┌──

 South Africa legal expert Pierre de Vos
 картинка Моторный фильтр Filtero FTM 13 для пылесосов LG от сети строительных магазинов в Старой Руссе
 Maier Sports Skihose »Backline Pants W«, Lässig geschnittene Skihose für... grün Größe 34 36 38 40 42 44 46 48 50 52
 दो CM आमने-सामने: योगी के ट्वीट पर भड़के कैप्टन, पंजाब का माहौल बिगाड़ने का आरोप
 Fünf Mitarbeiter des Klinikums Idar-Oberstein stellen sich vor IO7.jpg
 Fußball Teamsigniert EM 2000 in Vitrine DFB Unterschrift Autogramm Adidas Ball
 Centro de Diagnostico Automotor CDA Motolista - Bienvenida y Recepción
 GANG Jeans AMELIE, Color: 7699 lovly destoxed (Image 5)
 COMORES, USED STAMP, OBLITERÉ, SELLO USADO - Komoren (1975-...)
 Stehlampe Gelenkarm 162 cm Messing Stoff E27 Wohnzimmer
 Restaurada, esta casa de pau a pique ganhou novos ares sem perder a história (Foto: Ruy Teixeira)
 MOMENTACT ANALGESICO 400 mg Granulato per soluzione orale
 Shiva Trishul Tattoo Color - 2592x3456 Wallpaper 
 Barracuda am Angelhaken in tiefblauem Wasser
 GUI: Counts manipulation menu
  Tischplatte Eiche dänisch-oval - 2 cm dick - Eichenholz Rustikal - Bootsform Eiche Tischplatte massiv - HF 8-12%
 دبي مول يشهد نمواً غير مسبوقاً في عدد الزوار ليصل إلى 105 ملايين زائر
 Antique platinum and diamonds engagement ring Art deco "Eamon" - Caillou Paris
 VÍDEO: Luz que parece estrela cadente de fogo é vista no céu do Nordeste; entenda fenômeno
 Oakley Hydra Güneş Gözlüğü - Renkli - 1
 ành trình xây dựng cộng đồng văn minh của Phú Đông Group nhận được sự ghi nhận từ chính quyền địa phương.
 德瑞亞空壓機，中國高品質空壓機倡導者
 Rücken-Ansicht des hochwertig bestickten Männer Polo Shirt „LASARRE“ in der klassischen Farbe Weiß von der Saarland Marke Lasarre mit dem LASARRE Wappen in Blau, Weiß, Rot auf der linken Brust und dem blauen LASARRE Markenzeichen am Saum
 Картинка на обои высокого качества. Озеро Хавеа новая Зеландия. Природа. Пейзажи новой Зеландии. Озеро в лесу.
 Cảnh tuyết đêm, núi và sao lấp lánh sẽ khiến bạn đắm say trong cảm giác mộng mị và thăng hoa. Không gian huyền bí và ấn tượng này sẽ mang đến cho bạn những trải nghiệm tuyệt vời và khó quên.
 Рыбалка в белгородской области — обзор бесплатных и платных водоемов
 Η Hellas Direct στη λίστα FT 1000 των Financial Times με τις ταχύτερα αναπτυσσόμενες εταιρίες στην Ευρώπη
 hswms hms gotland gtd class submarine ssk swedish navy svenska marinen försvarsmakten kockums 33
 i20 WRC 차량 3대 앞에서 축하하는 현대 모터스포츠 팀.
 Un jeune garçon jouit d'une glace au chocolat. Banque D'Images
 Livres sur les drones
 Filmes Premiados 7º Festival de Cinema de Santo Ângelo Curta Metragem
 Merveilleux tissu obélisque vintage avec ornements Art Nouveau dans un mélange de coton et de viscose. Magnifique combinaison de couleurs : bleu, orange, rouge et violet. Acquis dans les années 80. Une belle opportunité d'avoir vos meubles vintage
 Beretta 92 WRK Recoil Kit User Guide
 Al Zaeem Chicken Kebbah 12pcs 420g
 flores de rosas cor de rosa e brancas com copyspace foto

└──

THE TASK: The answer must consist of every line from the entries above that contains the string "Color".

SOLUTION FOR THIS TASK:
 GANG Jeans AMELIE, Color: 7699 lovly destoxed (Image 5)
 Shiva Trishul Tattoo Color - 2592x3456 Wallpaper 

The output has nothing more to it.